Когда я ударил его пистолетом по голове, он проснулся от неожиданности, засуетился, сдернул с себя одеяло и заорал:
– Какого хрена? – Когда он наконец сел, Эвандер включил свет, перед нами предстал Джио Гамбино с окровавленным и маниакальным лицом, схватился за свой ушибленный лоб, словно капризный ребенок. Джио уставился на Эвандера и прорычал: – МакДиармид, ты не должен приходить в дом к парню посреди ночи, не говоря уже о том, чтобы бродить по его комнате, ты, невоспитанный ублюдок!
Из-за балаклавы, закрывающей большую часть моего лица, Джио Гамбино не мог видеть, как я скривил губы, но он услышал мой рык, и когда посмотрел на меня, его гнев немного поутих, и он понял, что попал в переделку. Взяв себя в руки, он спокойно спросил Эвандера:
– Что все это значит?
Я не сдвинулся с места, стоял у изножья его кровати, с пистолетом в руке, Эвандер перемещался по комнате, говоря на ходу:
– Я всегда знал, что ты плохой человек. В тебе всегда было что-то не так. Я был не единственным человеком, чувствующим это, но ты – Гамбино, поэтому никто не хотел иметь дело с яростными вспышками гнева, которые могли возникнуть, если бы кто-то заговорил об этом с твоим отцом. – Он замолчал, затем повернулся к нему лицом. – Что-то в тебе не так. – Он подался вперед, ближе к кровати. – И когда я услышал, что Алехандра Кастильо пропала, я не думал, что это сделал ты. – Эвандер посмотрел на меня с холодной улыбкой. – Я подумал: «Он не настолько глуп. Не единого шанса, что это он украл ее».
Мой голос немного приглушен маской:
– Однако он это сделал.
Эвандер кивнул один раз в подтверждение.
– Однако он это сделал. И изуродовал ее.
Джио покачал головой в неверии.
– Поэтому ты здесь? Из-за нее? – Он коротко рассмеялся, прежде чем его лицо исказилось. Он поднялся и схватился руками за волосы, дергая их в абсолютной ярости, а затем прорычал: – Что, бл*дь, все в ней находят?
– Где она? – спросил я, но больше было похоже на требование.
Джио закрыл глаза и глубоко вдохнул, а затем медленно выдохнул.
– Ты должен понять, это ее вина. Это из-за нее. Она отняла у меня брата, и умрет за это.
Эвандер нахмурился.
– Нет, Джио. Все, что она сделала, это прекратила ежедневные пытки, к которым вы с Дино ее приучили. Если бы я только знал… – тихо произнес Эвандер. – О да, теперь все раскрылось. От этого не скрыться. Твоя семья была полностью уничтожена за неуважение, которое ты проявил. Это не она, Джио. Это ты. Если тебе нужно возложить вину на кого-то, посмотри в зеркало и найдешь виновного.

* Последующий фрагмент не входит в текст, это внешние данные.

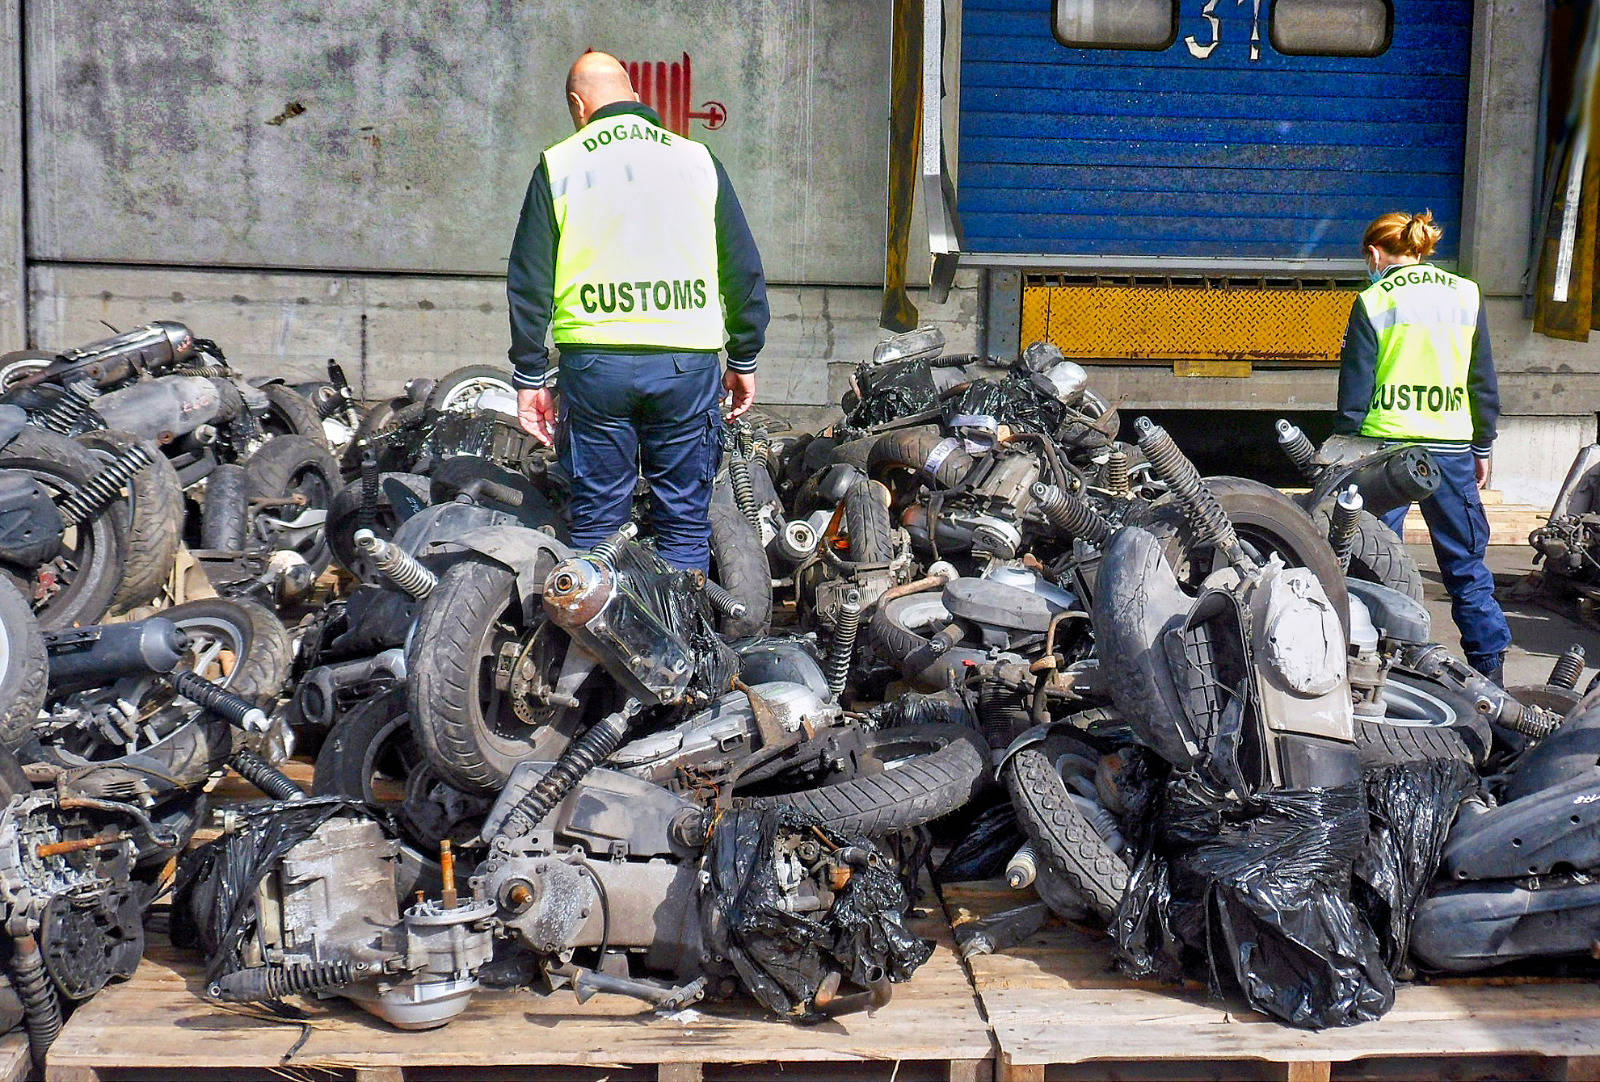 Traffico motocicli rubati: operazione al porto di Pra'
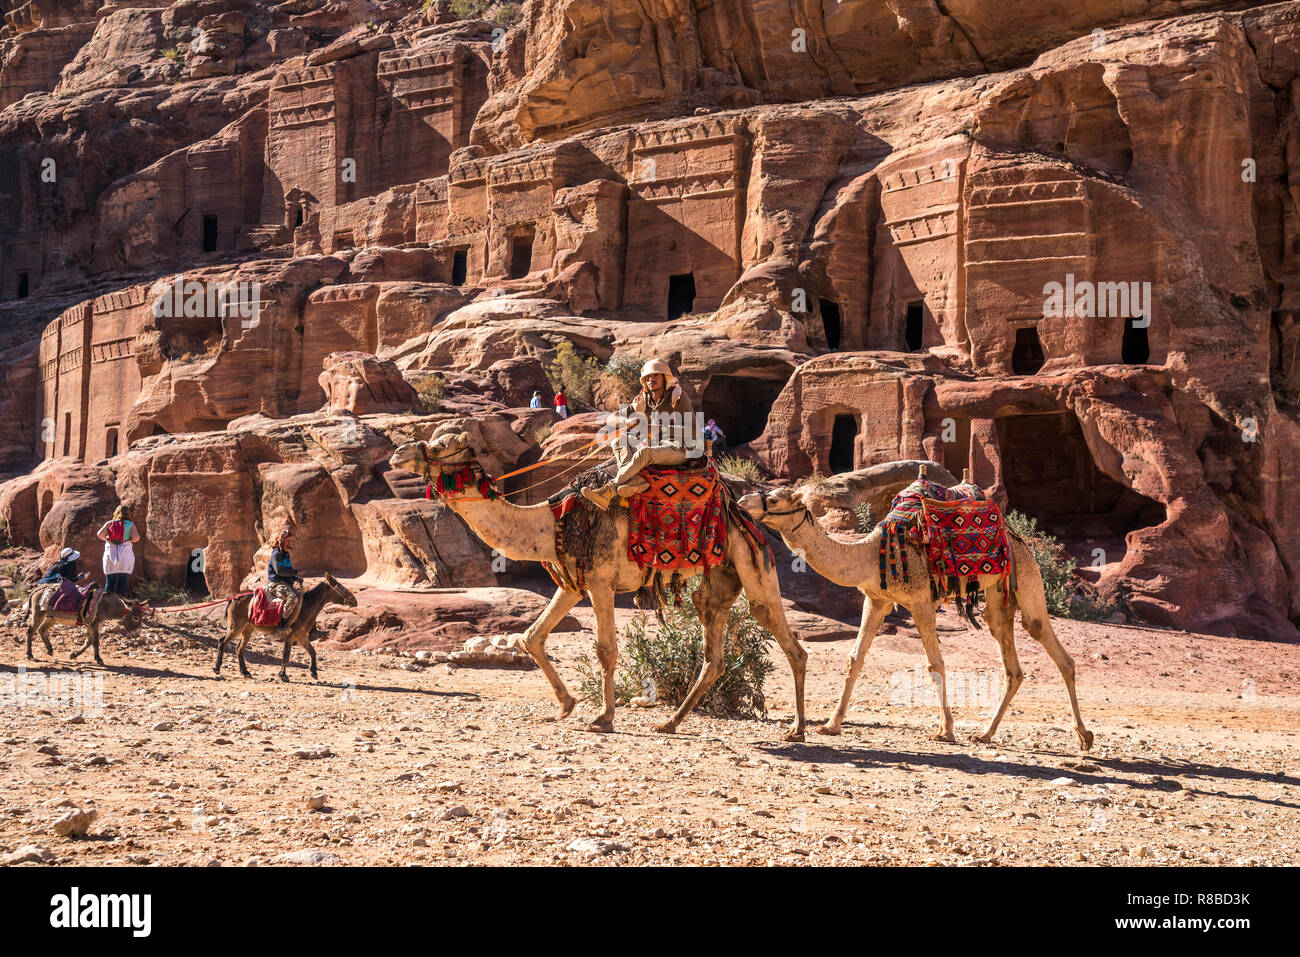 Kamele in der historischen Ruinenstätte Petra, Jordanien, Asien | cammelli all'antica città di Petra, Giordania, Asia Foto Stock

Джио качает головой в знак несогласия, и я спрашиваю более твердо, чем в прошлый раз:
– Где она?
Глаза Джио распахиваются.
– Ты хочешь ее? Отлично. Бери ее. – Его губы кривятся в отвращении. – Забирай ее и убирайся из моего дома, – он ухмыляется, словно произнес, какую-то шутку. – Она в подвале. – Когда мы не двигаемся с места, он смотрит на Эвандера. – Ну? Забирай ее и отъ*бись.
Из кармана Эвандер достает черные кожаные перчатки, надевает их, затем достает из куртки пистолет. Обращается ко мне:
– Что делают с бешеным псом?
Мой ответ прост:
– Пристреливают его.
Эвандер наклоняет голову.
– Точно, хорошо. Но я не собираюсь убивать этого. – Глаза Джио застывают, и Эвандер усмехается: – Нет. Я его просто заткну.
Затем он поднимает пистолет и нажимает на курок, дважды.
Гамбино кричит в агонии, когда его коленные чашечки разлетаются на куски.
Не обращая внимания на его вопли и крики, мы с Эвандером связываем его, словно свинью.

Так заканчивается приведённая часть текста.